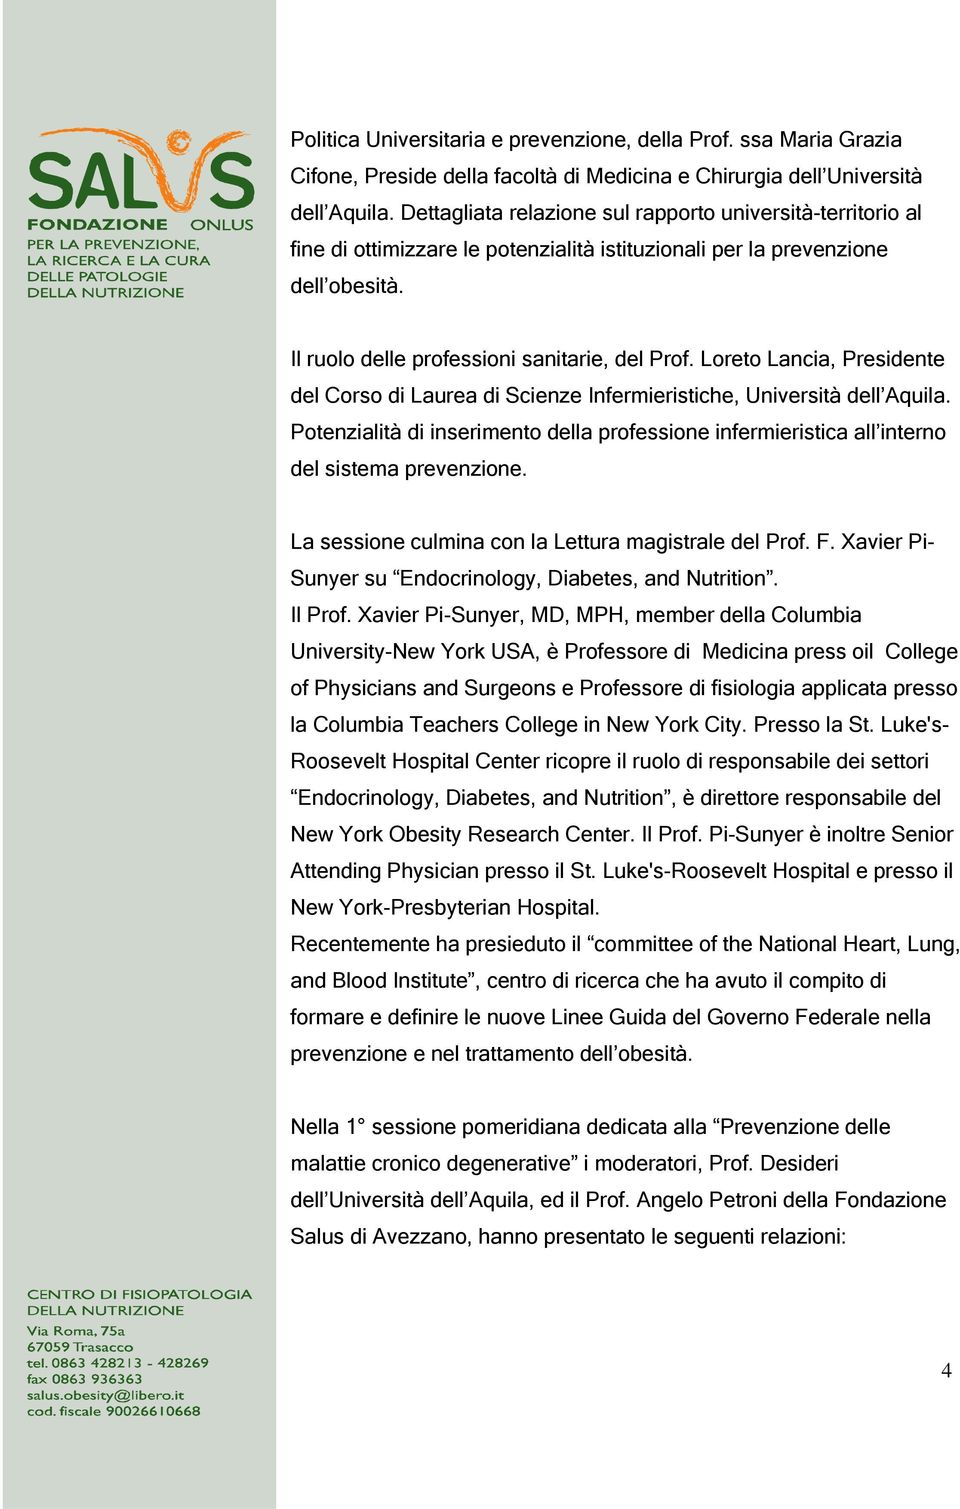 Loreto Lancia, Presidente del Corso di Laurea di Scienze Infermieristiche, Università dell Aquila. Potenzialità di inserimento della professione infermieristica all interno del sistema prevenzione.
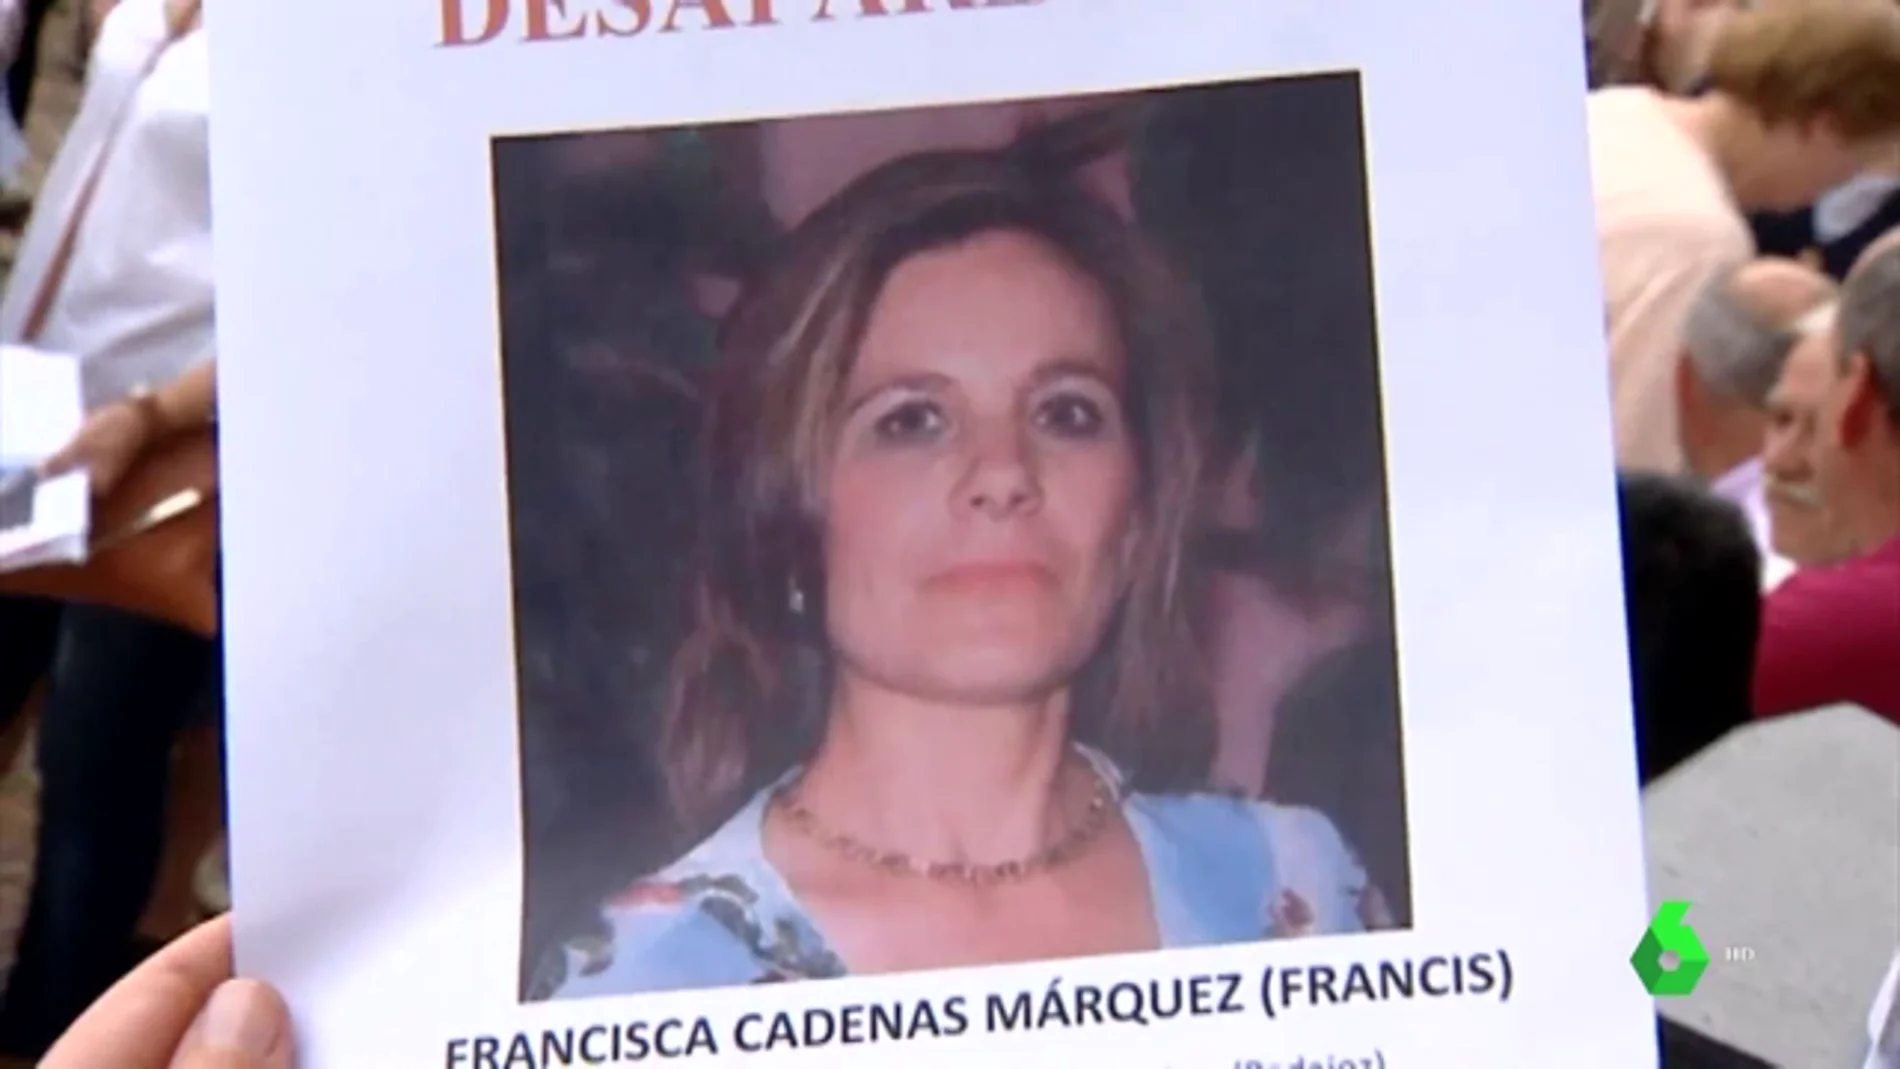 Francisca Cadenas
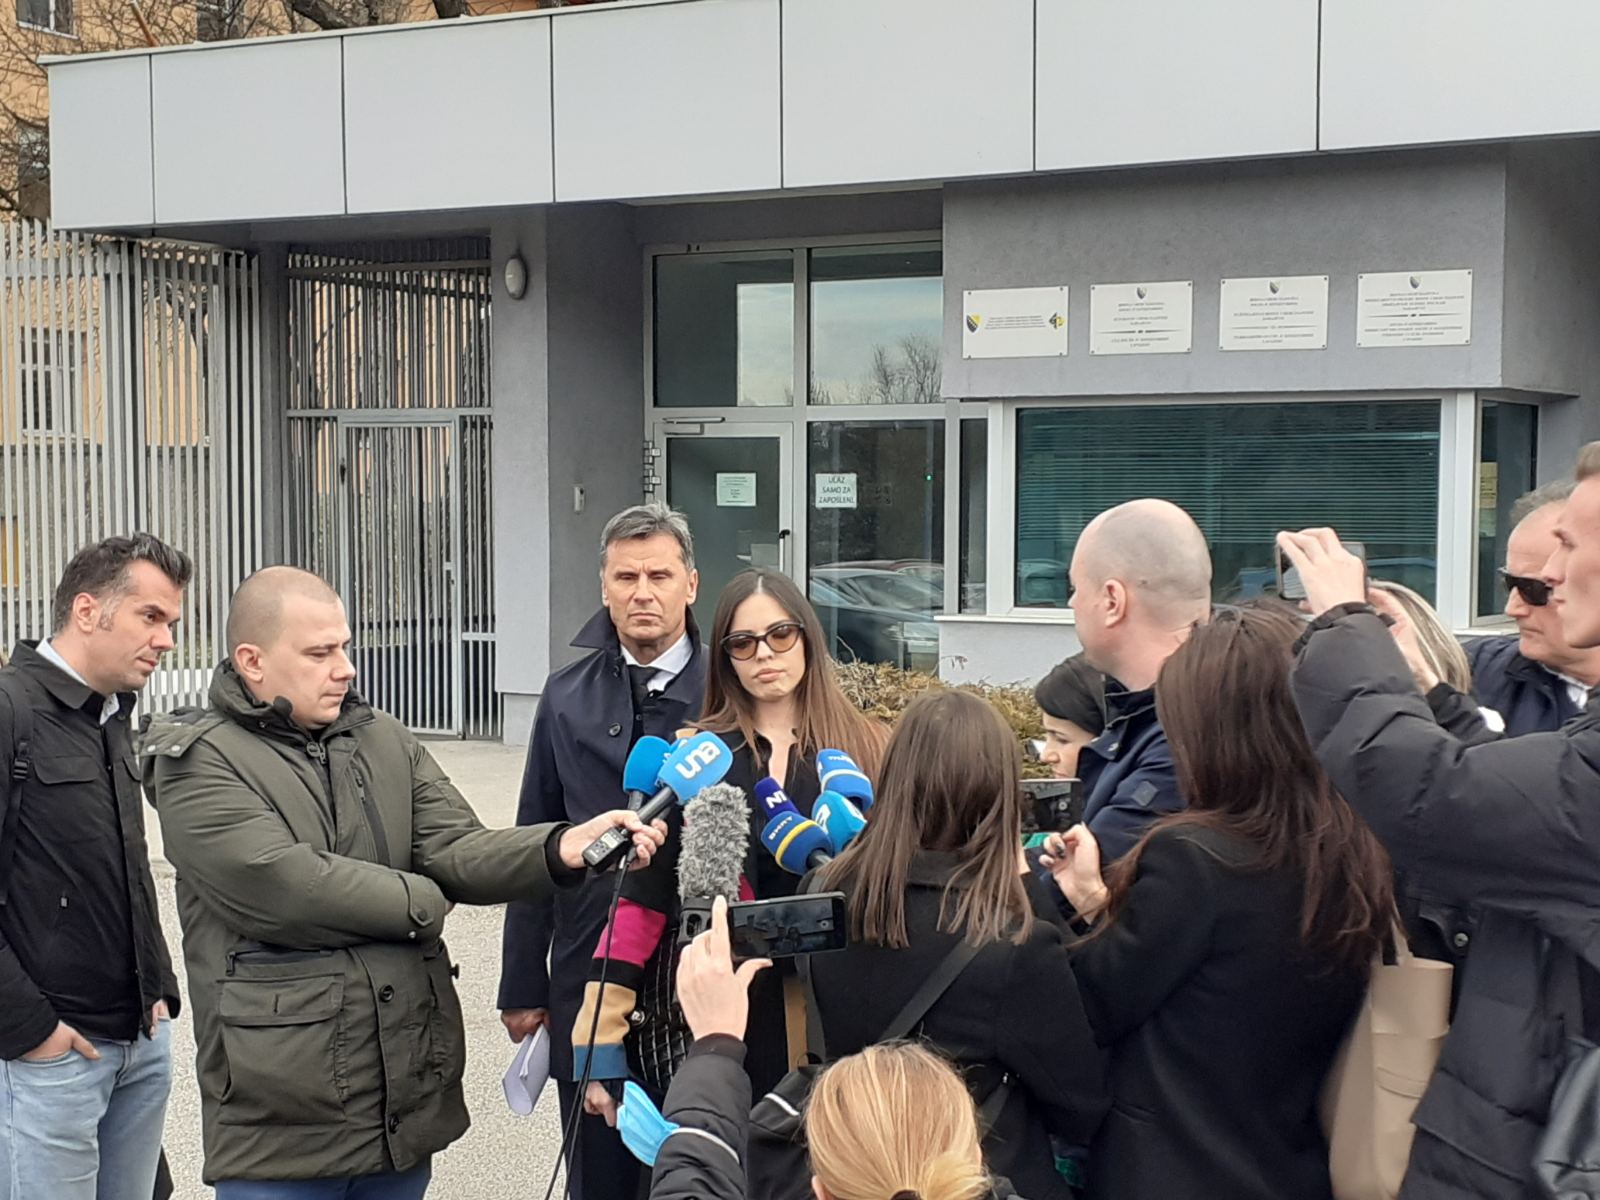 Završne riječi odbrane, Novalić tvrdi da je riječ o politički montiranom procesu

### Assigned task
All of the data is to be reproduced exactly, with the pictures left out.

### Written solution
 Loreto Lancia, Presidente del Corso di Laurea di Scienze Infermieristiche, Università dell Aquila. Potenzialità di inserimento della professione infermieristica all interno del sistema prevenzione.
 Francisca Cadenas
 Završne riječi odbrane, Novalić tvrdi da je riječ o politički montiranom procesu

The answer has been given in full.